There was one really formative experience for me, I must have been about six or seven, that encapsulates this. I was sitting on the bed in my bedroom and I just had a blazing argument with my dad. He had just been viciously judgmental towards me and I’d been defensive and rude and disrespectful back to him and I cried it out. I got to this place where I just saw really clearly how neither of us wanted to hurt each other, and it was like we had been taken over by something that had driven us to hurt each other, and it all seemed like such a waste. It all seemed so sad that people who love each other could hurt each other. It was so deeply troubling to me that this was going on in the world. And I think in that moment I made a non-verbal commitment to myself that I wanted to understand this a little bit better, this whole dynamic.

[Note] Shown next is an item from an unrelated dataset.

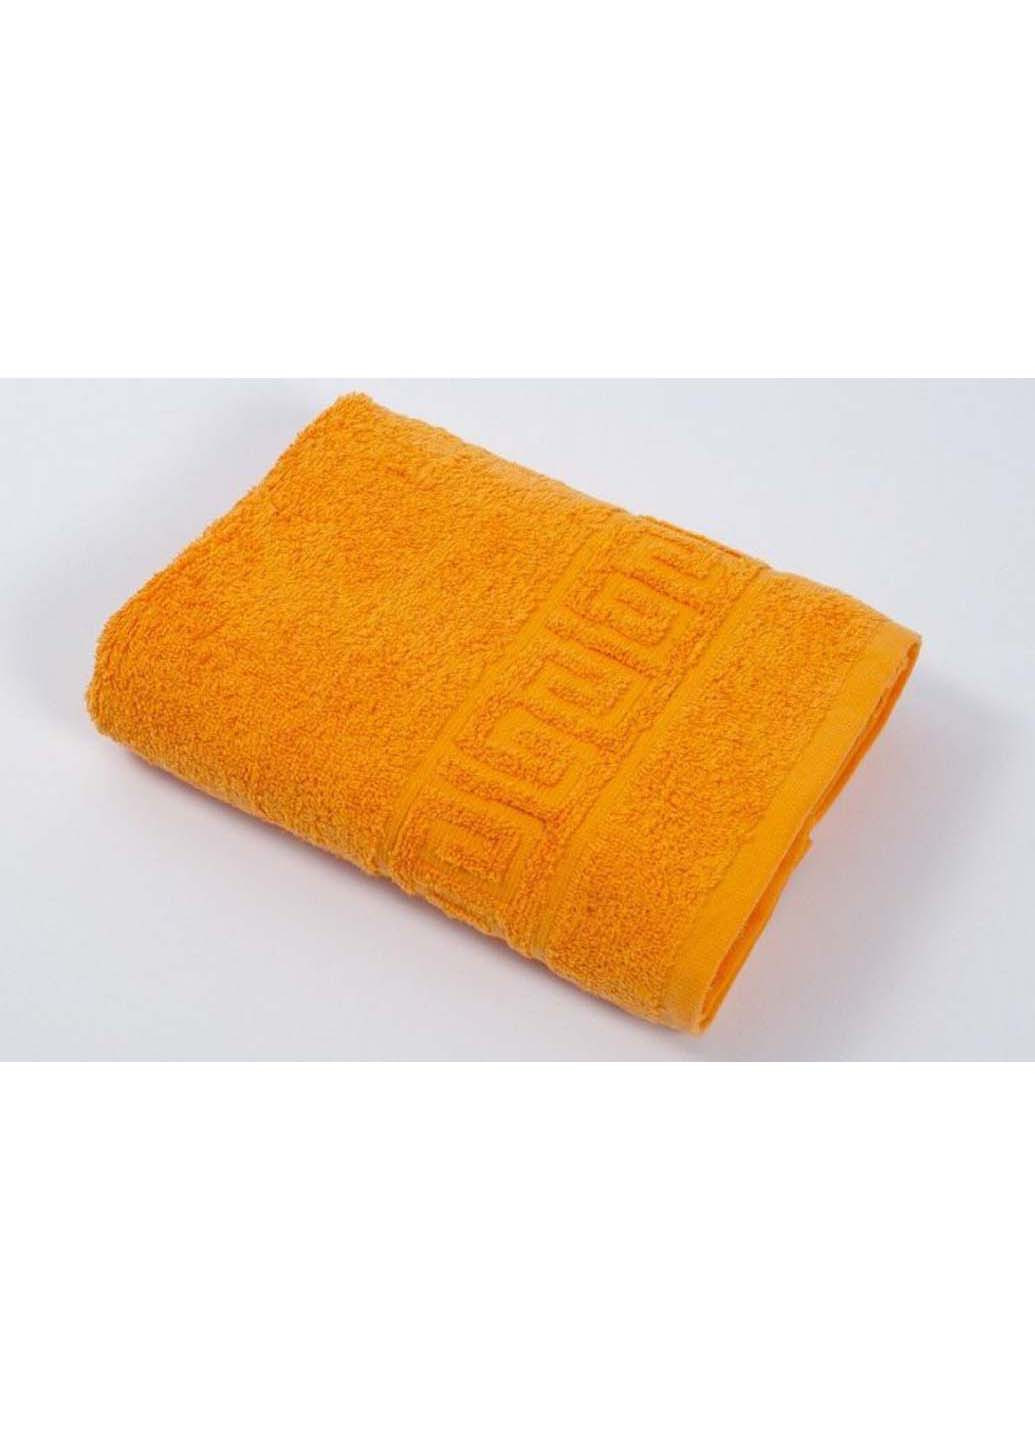 Ashgabat Dokma Toplumy рушник для обличчя помаранчевий виробництво - Туркменістан

And that led to studying counselling and psychotherapy, and I imagine the Rapport Based Relating model as well?
Yes, it led me into being really interested in psychology, English literature, which was part of my degree. And acting and theatre, anything that seemed to shed some light or have some wisdom about this weird enigma of humans and how we can go wrong and how we can we can find our way back again. How we can be who we are without getting trapped or diverted.
That year in which you spent in the bush, were you on your own for all that time?
I was in a relationship at the start of it and that relationship failed quite quickly. For most of it I was on my own. There were times when I was going into Tom’s school to help with his workshops, but the vast majority of my days were just me waking up on my own. My commitment for that year was to follow my heart’s bliss from the Joseph Campbell quote and realising that I’d never had the freedom to do absolutely that, to do just purely that. So I got to really embrace just being a mammal. If I was hungry I’d eat, if I was tired I could sleep, and everyday I could go on adventures and learn or practice the skills of being a human in a wild environment.
I’ve read that your experience in the bush led to a radical understanding of what it means to be human.